Lack of access to feminine sanitary products could have a huge impact on the education of a South African school girl, and UT’s Fearless Leadership Institute is helping to break this educational barrier through a donation drive.
The drive began Oct. 1 and concludes today. The drive was inspired after five of the Institute’s members studied abroad in South Africa summer, including co-director Thaïs Moore.
“So many young girls in Cape Town are dropping out of school, because they can’t afford sanitary products and it broke my heart,” Moore said. “Our drive started off slow, but last week our donation bin was full.”

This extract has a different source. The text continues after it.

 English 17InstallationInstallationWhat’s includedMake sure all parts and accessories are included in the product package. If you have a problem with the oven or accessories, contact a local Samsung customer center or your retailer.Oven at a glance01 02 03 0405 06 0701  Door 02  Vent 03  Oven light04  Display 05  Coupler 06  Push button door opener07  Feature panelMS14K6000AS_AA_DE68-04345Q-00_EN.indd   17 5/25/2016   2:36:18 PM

Moore takes part in the Cape Town study abroad program every other year. This summer, Moore said she grew close with a woman who worked at a battered women’s shelter and wanted to help whenever she reached out.
“We haven’t received as many [donations] as we’d like, but even if it can keep just two girls in school for the rest of the year, that would be great,” Moore said. “Our main objective is to love on young women. You can accomplish anything with love.”
Business sophomore Dayjah Harris, an Institute member of two years, traveled outside the country for the first time when she studied abroad and said the experience changed
“Being in South Africa allowed me to open my mind,” Harris said. “Being in America, we just focus on issues that we have here. Being in Cape Town and seeing issues that are faced of people in different countries, it just opened my mind up.”
Harris spent a lot of time visiting schools and helping at a battered women and children’s shelter.
“The girls in school out there, when they have their cycles, they don’t get any type of sanitary products, such as pads and tampons, so they can’t go to school,” Harris said, “This causes a lot of the young girls to drop out, leading to a lot of crimes and violence against them because they’re often unsupervised. This drive is to try to stop that problem from happening at such a high rate, to allow for these girls to get their education.”
Radio-television-film sophomore Destiny Goss said her experience abroad made her realize she had a passion for helping women and children who are victims of sexual assault and domestic violence, and she hopes to create her own nonprofit mentoring program.
“The experience was life-changing,” Goss said. “It made me appreciate the things I have more than I’ve ever done … FLI is amazing. It is an organization to help young women who need growth. Every woman of color should join. It’s very empowering.”
Donations, such as tampons, pads, sanitary napkins and similar products, can be taken through 5 p.m. today to the Main Building Room 22 or SSB 4.400.